Good question.. I think inside my mind for the intangibles i am INTJ.. But for the physical world i am INTP.. If that makes sense.. Lol thats why i dont know how to classify myself. My room is a mess, and i kick my shoes off and place them anywhere. I use to lose my keys a lot and i always do things last minute. But when i first start school or work i am excellent until i been there for around 2-3 months then i get real sloppy. Which i am scared of.. I am lazy as hell with the physicals..

Is it possible to have a low Ne? 

I pretty much use to be INTJ.. I always scored INTJ and the description fitted me. Then i met this one dude which was a NP i think? Idk the rest i know he was extraverted and was a feeler. Maybe ENFP or ESFP.. He was quite intelligent in how people go about things and ways. He was basically majoring in psychology. And said i came on too strong to this girl i liked, and i would get pissed if we set up a date and she pretty much turned it down last minute. So when she offered me to go somewhere i said "no thank you". To let her know i dont play those type of games. He use to try to figure me out and i would be like, "this is how i see life and that is it". I didnt like hearing his opinions about things back then, i was more pleased with my own thoughts and how to go about things. Where when i was 'wrong' it would be like, "what did i miss!? How could i be wrong?" 

So basically i was more of a philosopher and he was the psychologist. Where i wanted to figure them out by myself but he would give me answers. Then i remembered everything he told me and took psychology in high school. I didnt care about the vocabulary, the teacher said, "You remember all the weird things i tell you but you dont remember the vocabulary words or the important stuff, you just remember the meanings of things and how to go about them". So i know why people do what they do and stuff. I combined philosophy with psychology, then i did a lot of research into physics while i was gaining a philosophical view of the world. So psychology really helped. 

Then he would hit me with psychology. And to be honest this opened me up way more. I was always lazy with the physicals its just inside my mind its a different world. 

I can tell you one thing about intuitives.. They research knowledge and adapt quickly to it and understand abstractions quickly.. And are bored with following details to the big picture. It is more of big picture then details to explain it. I think school helped me with this one. I still give the big picture but i break the details down quickly so they dont ask lol. Basically preparing myself like i said. 

I didnt like changing my views on things and to this day i dont.. I get this held back feeling inside me, and when i do i feel uncomfortable even when it's 'right' and i am 'wrong'. So now who i am before i learn something i would ask, "if i am wrong correct me" before saying, "its this its that" what i use to do before, even when i didnt know. I would have to GIVE an ANSWER lmao. So the guy really helped me open up. And it really made me question things more. And for this reason i started getting low J - low P on test.. But it helps out a lot to teach others when they ask a question. Because my answers are more broad now and if they are answers then you cannot disprove them because of all the broad research i did or breaking it down to its root. I was always messy though and unorganized. Bookbag would be cluttered and i couldnt find a thing lol. 

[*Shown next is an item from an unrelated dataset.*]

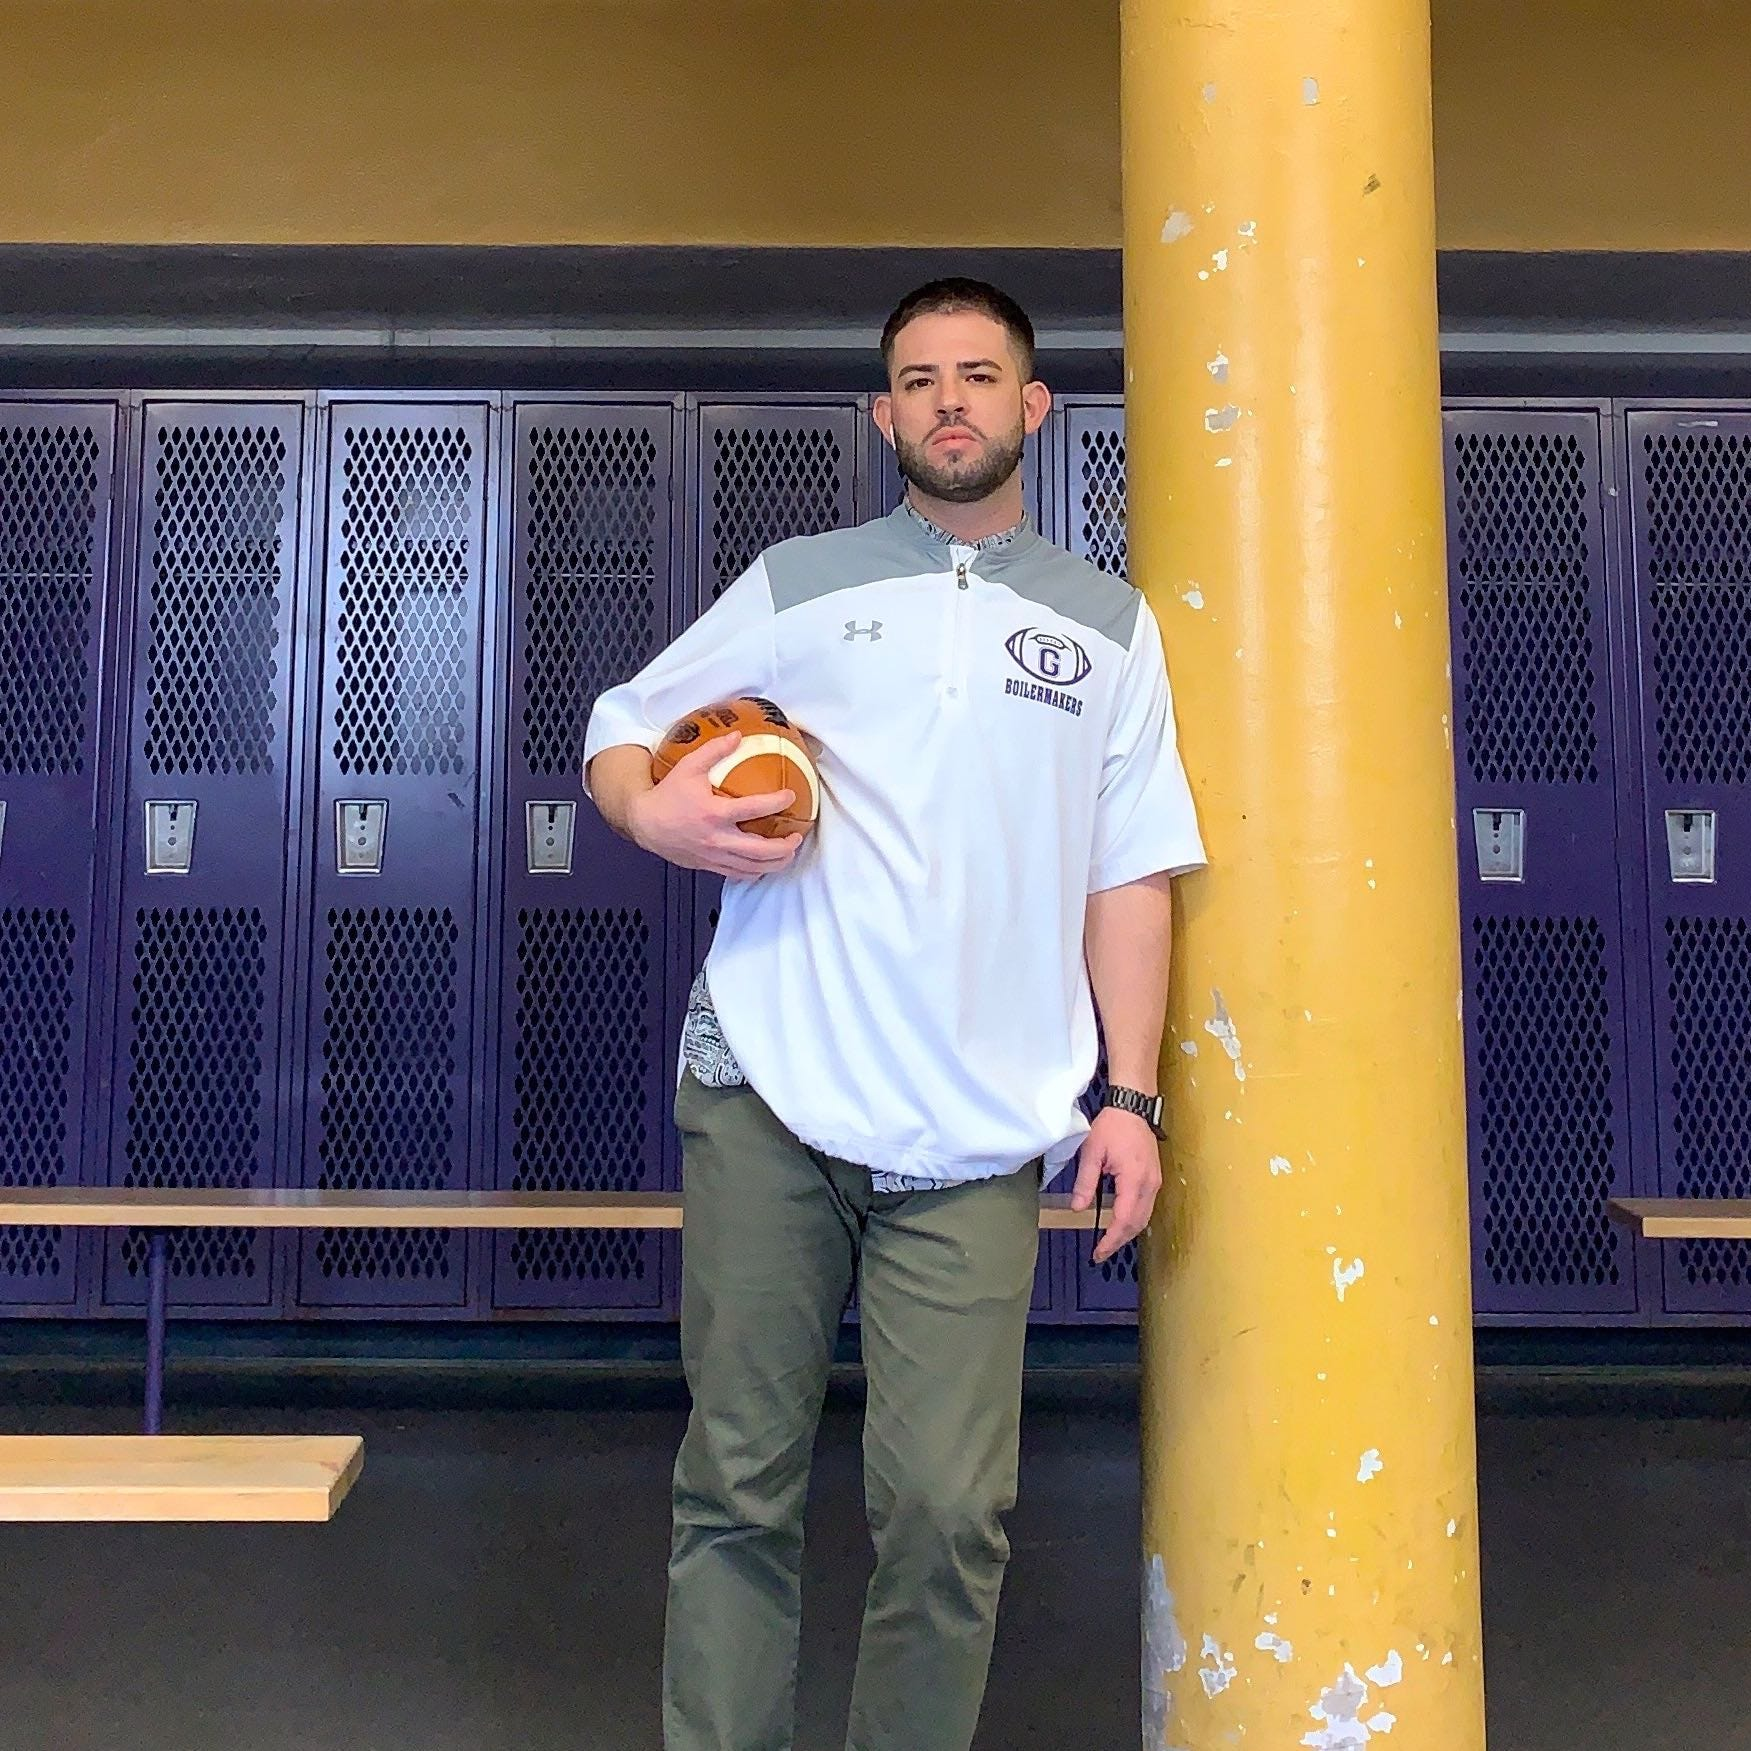 Pete Santacroce tabbed as new Garfield football coach

I could be INTP with INTJ thoughts

I am into lamborghinis, a future wealthy home, stabled family, and living freely. Surfing, jet skiing, sky diving, playing video games.. Basically no stress no worries.. So i am currently working to proceed that future, because i was raised without responsibilities by my parents so i see no point in them.

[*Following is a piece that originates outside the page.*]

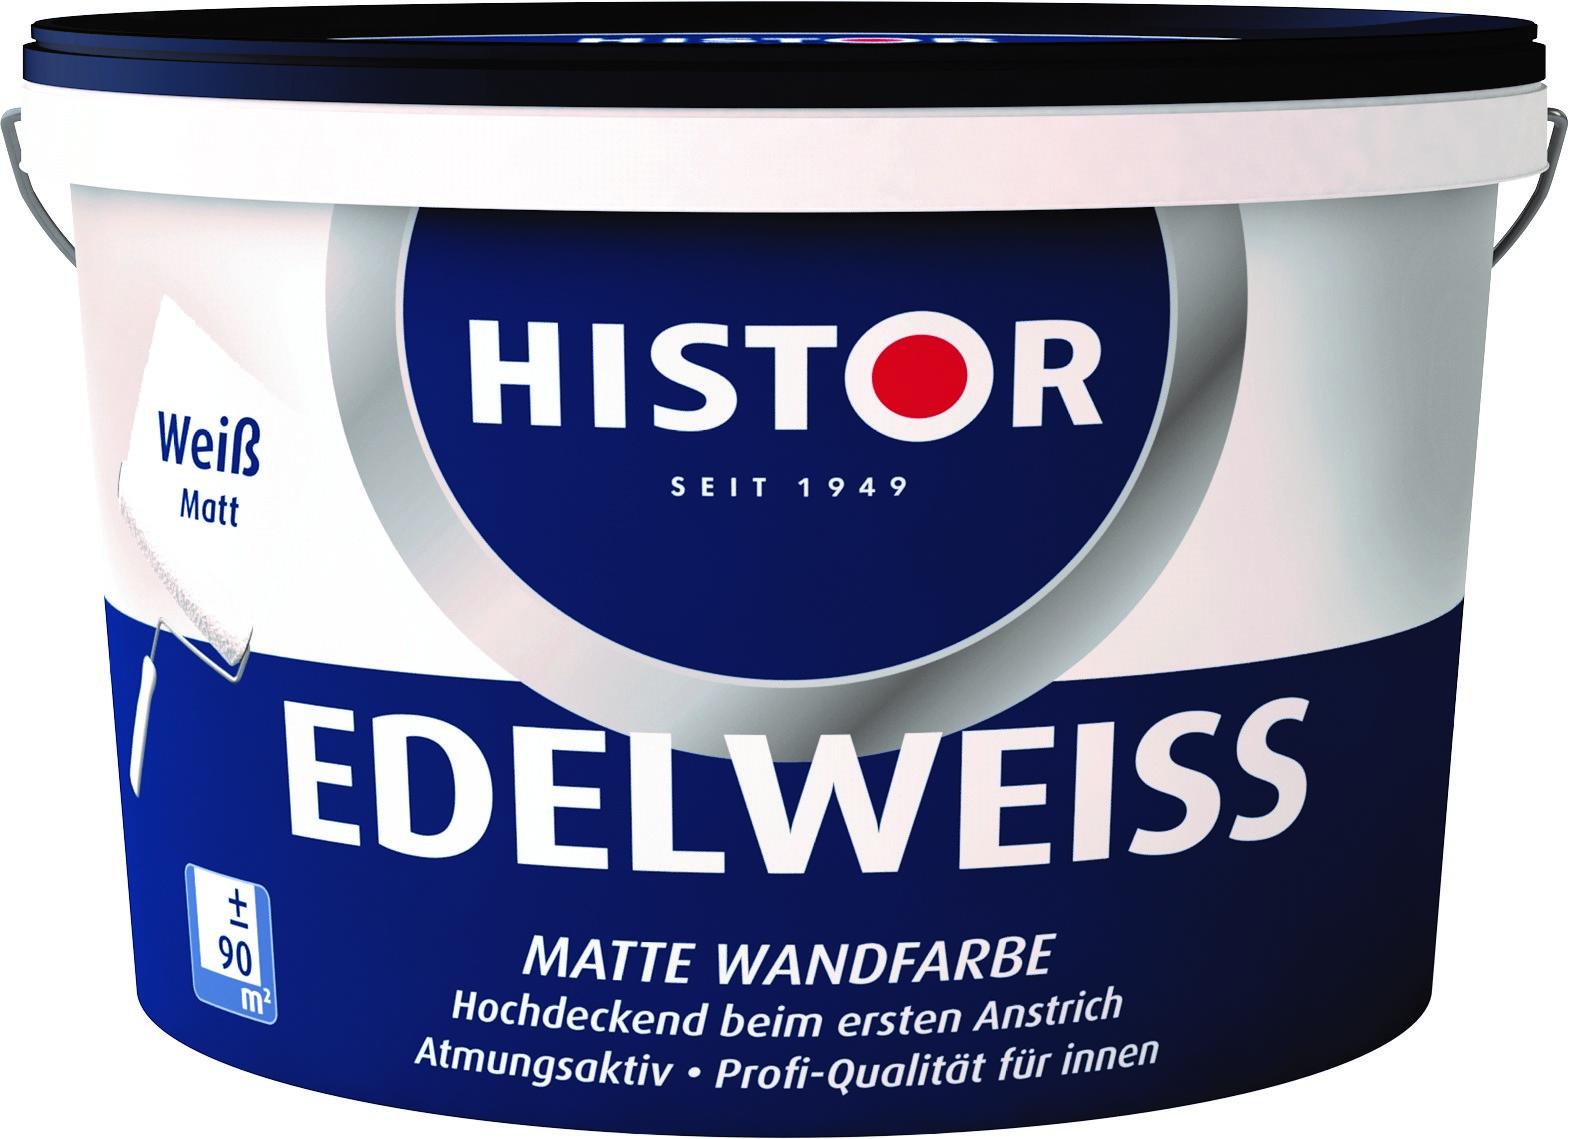 Histor Edelweiss

But if it wasnt for 'knowledge' and thinking deeply into things after i broke up with my ex, i wouldnt know how to accomplish the 'good life' or have that motivation or drive. Because i settled for what i had.. And now i am not.. I learn quickly off my experiences. It takes one wrong for me to learn what is right.. 

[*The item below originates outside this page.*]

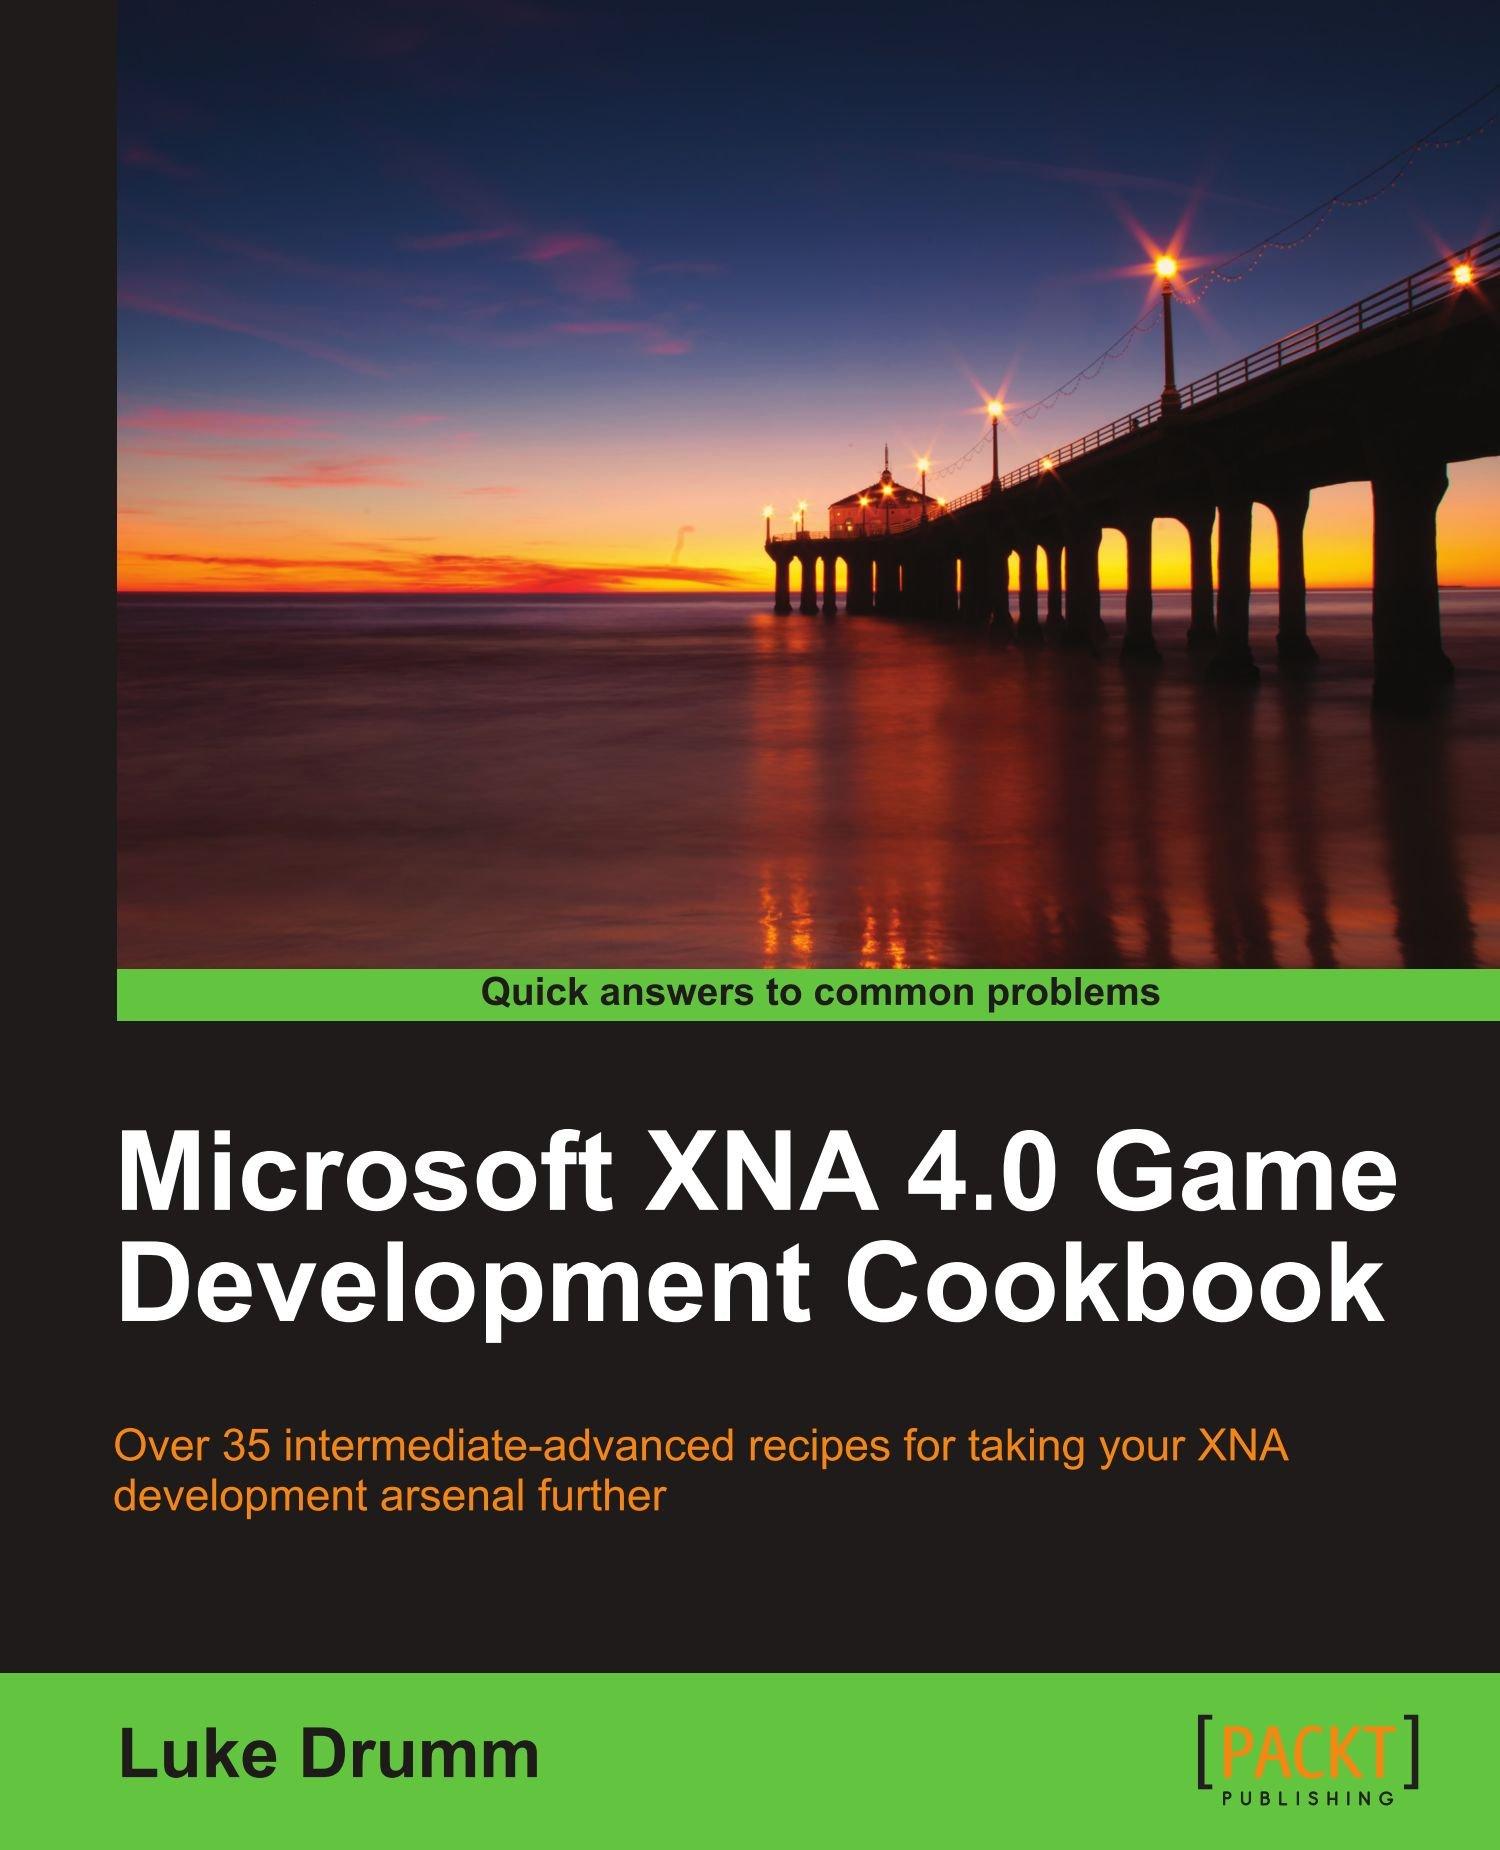 Microsoft xna 4 0 game development cookbook luke drumm 9781849691987 amazon com books

I dont party, i dont drink, i dont smoke. I workout, im into my health somewhat, i dont keep a tab on how i do i just get big muscles just by going along with it. I pretty much go to work, home, play my game, go to the gym, then repeat it.. I have to get out the house sometimes though to get my mind away. 

Before i use to be into knowledge like crazy.. Go tot he bookstore, read up on all kinds of things. The universe, life, and so on.. Then i was like, now that i know what i know how can i apply it to my life and get me by? What do people want? What can i teach them? People will not listen to me if i dont set an example bad enough im only 20.. They would look down at me.. I CANNOT Fail.. I fear failure to the fullest.. So i have to succeed and get this money but in what career? Do i stay where i am at now and just build then invest? Or do i go to college? 

I am currently signing up for college. So we will see how this goes.. In life i cannot accept math problems, or science until i understand it fully and why it is that way.. I must know why..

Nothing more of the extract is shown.